The rollout parallelism triplet (`ROLLOUT_TP`, `ROLLOUT_DP`,
`data_parallel_size`) controls how many GPUs each vLLM-Omni replica spans:

```bash
actor_rollout_ref.rollout.tensor_model_parallel_size=$ROLLOUT_TP    # default: 1
actor_rollout_ref.rollout.data_parallel_size=1                       # default: 1
```

Replicas = `TOTAL_GPUS / (ROLLOUT_TP × data_parallel_size)`. The script
keeps `ROLLOUT_TP=1` and `data_parallel_size=1` so each GPU runs one
self-contained replica — the simplest and most robust layout for multi-node.
Increasing `ROLLOUT_TP` shards the rollout model across GPUs (useful when a
single GPU runs out of memory) but requires that `GPUS_PER_NODE` is divisible
by `ROLLOUT_TP × data_parallel_size`.

### 4. FSDP configuration

FSDP must shard within each node, not across the network:

```bash
# ── Single-node ─────────────────────
actor_rollout_ref.actor.fsdp_config.param_offload=True \
actor_rollout_ref.actor.fsdp_config.optimizer_offload=True \
actor_rollout_ref.actor.fsdp_config.model_dtype=bfloat16 \

# ── Multi-node ──────────────────────
actor_rollout_ref.actor.fsdp_config.fsdp_size=$GPUS_PER_NODE \
actor_rollout_ref.actor.fsdp_config.reshard_after_forward=False \
actor_rollout_ref.actor.fsdp_config.offload_policy=True \
actor_rollout_ref.actor.fsdp_config.param_offload=True \
actor_rollout_ref.actor.fsdp_config.optimizer_offload=True \
actor_rollout_ref.actor.fsdp_config.model_dtype=bfloat16 \
```

| Parameter | Value | Why |
|---|---|---|
| `fsdp_size` | `$GPUS_PER_NODE` | Limits FSDP's communication group to GPUs on the same physical node, avoiding cross-node all-gather latency |
| `reshard_after_forward` | `False` | Keeps full parameters in memory after the forward pass instead of re-gathering them from shards.

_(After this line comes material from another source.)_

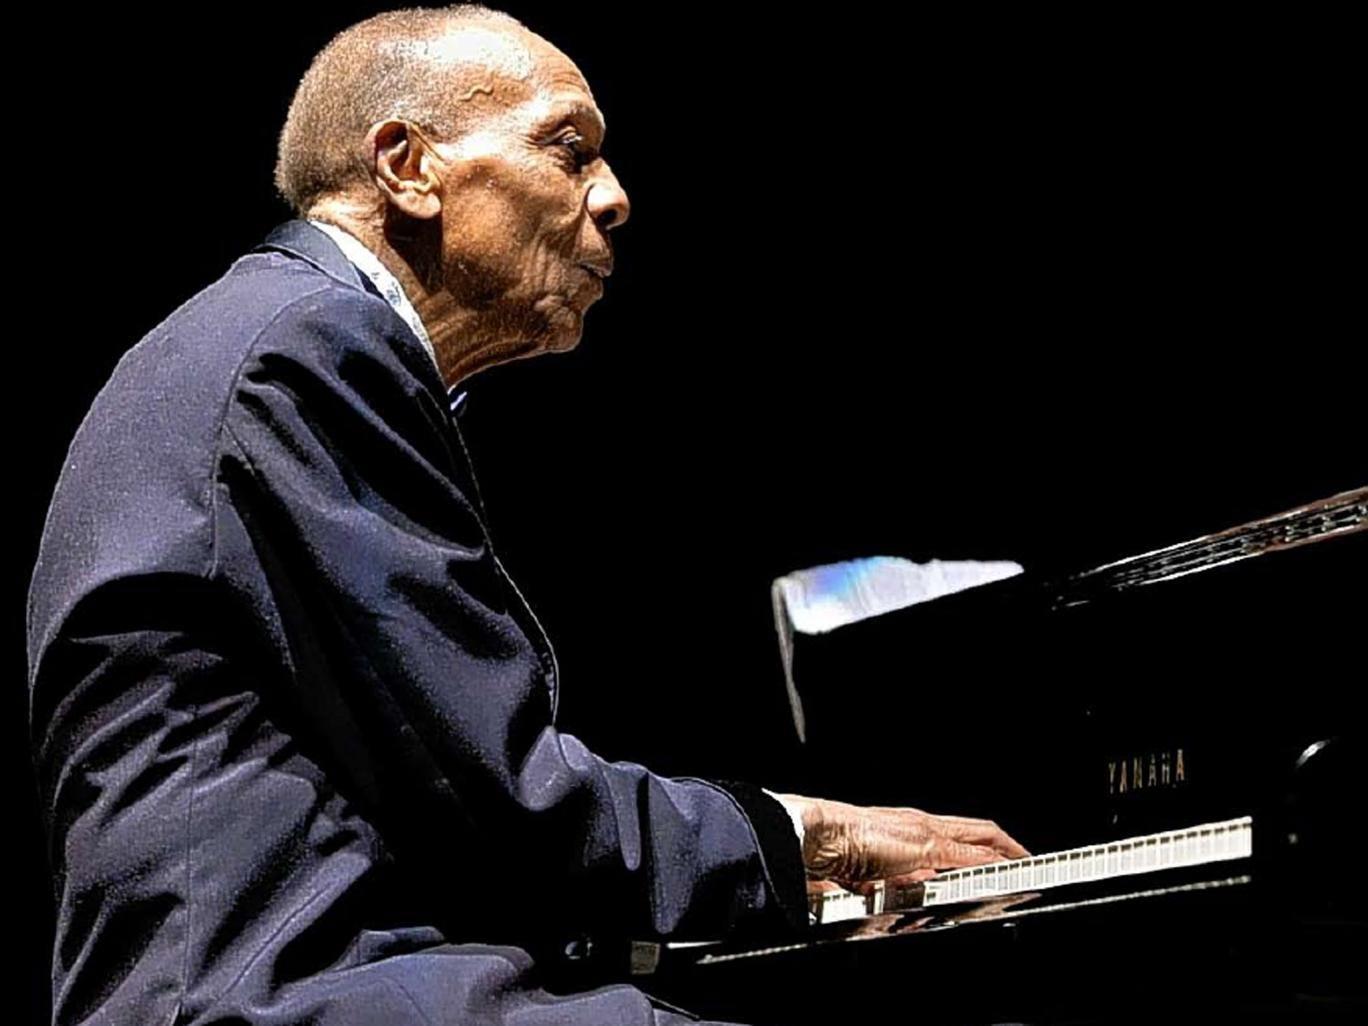 Bebo Valdes in 2005, performing at the 10th International Jazz Festival in Uruguay
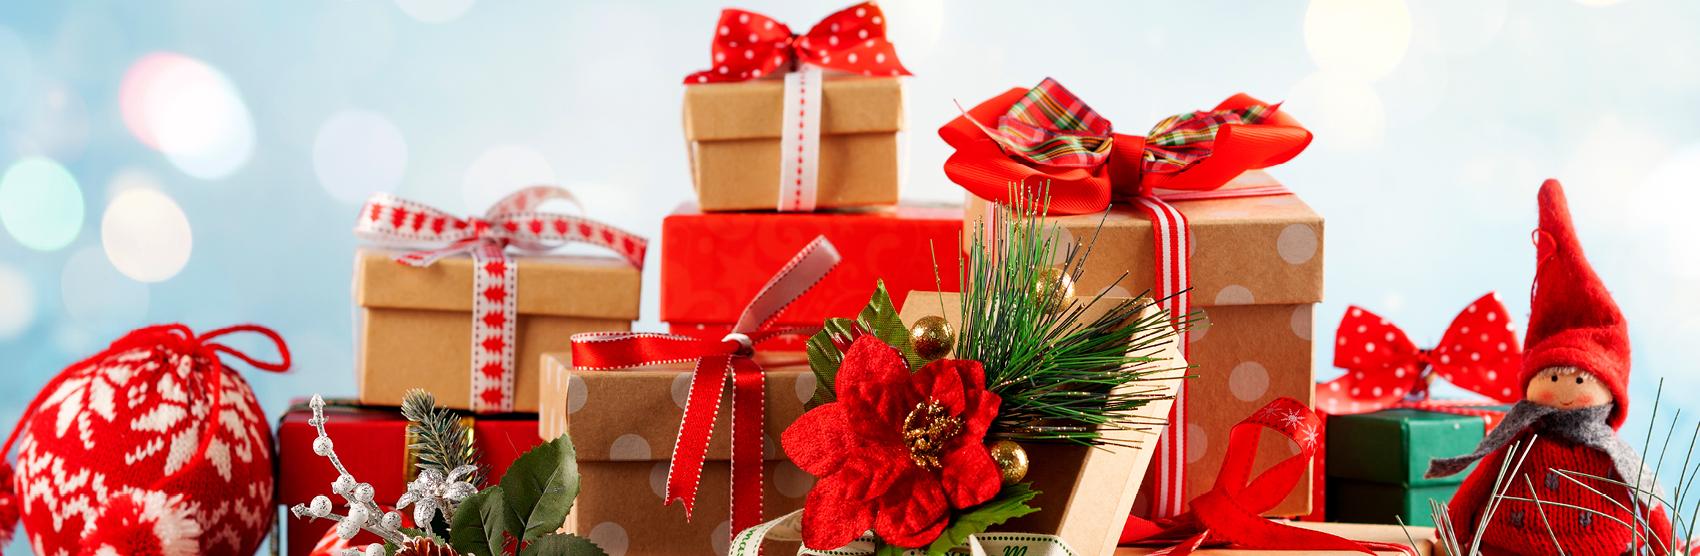 Beautiful holiday gifts

Trades memory for speed — safe with `offload_policy=True` |
| `offload_policy` | `True` | Moves policy parameters to CPU when the actor is idle, freeing GPU memory for rollout and reward |

### 5. Attention backend

Multi-node runs benefit from FlashAttention 3's varlen hub backend, which
optimizes variable-length sequence batching across distributed GPUs:

```bash
# ── Multi-node only ─────────────────
actor_rollout_ref.model.attn_backend="_flash_3_varlen_hub"
```

This replaces the default attention implementation and is strongly recommended
for any multi-node diffusion training run.

### 6. Trainer topology

Tell the trainer how many nodes and GPUs-per-node it has:

```bash
# ── Single-node ─────────────────────
trainer.n_gpus_per_node=$NUM_GPUS_ACTOR_ROLLOUT_REWARD \
trainer.nnodes=1 \

# ── Multi-node ──────────────────────
trainer.n_gpus_per_node=$GPUS_PER_NODE \
trainer.nnodes=$NNODES \
```

### 7. Experiment name

Tag the run with the cluster topology for bookkeeping:

```bash
# ── Single-node ─────────────────────
trainer.experiment_name=qwen_image_ocr_lora \

# ── Multi-node ──────────────────────
trainer.experiment_name=qwen_image_ocr_lora_multinode_${NNODES}x${GPUS_PER_NODE} \
```

## Full reference script

```{literalinclude} ../../examples/flowgrpo_trainer/run_qwen_image_ocr_lora_multi_node.sh
:language: bash
:caption: examples/flowgrpo_trainer/run_qwen_image_ocr_lora_multi_node.sh
```

## How to run

### Environment variables

The script reads these variables at runtime:

| Variable | Default | Description |
|---|---|---|
| `NNODES` | `2` | Total number of nodes |
| `GPUS_PER_NODE` | `4` | GPUs on each node |
| `WORKSPACE` | `$HOME` | Shared directory for data and checkpoints |

All other parameters (model paths, learning rate, LoRA config, etc.) are
hardcoded in the script. Override them by appending key-value pairs to the
command line, just like the single-node script.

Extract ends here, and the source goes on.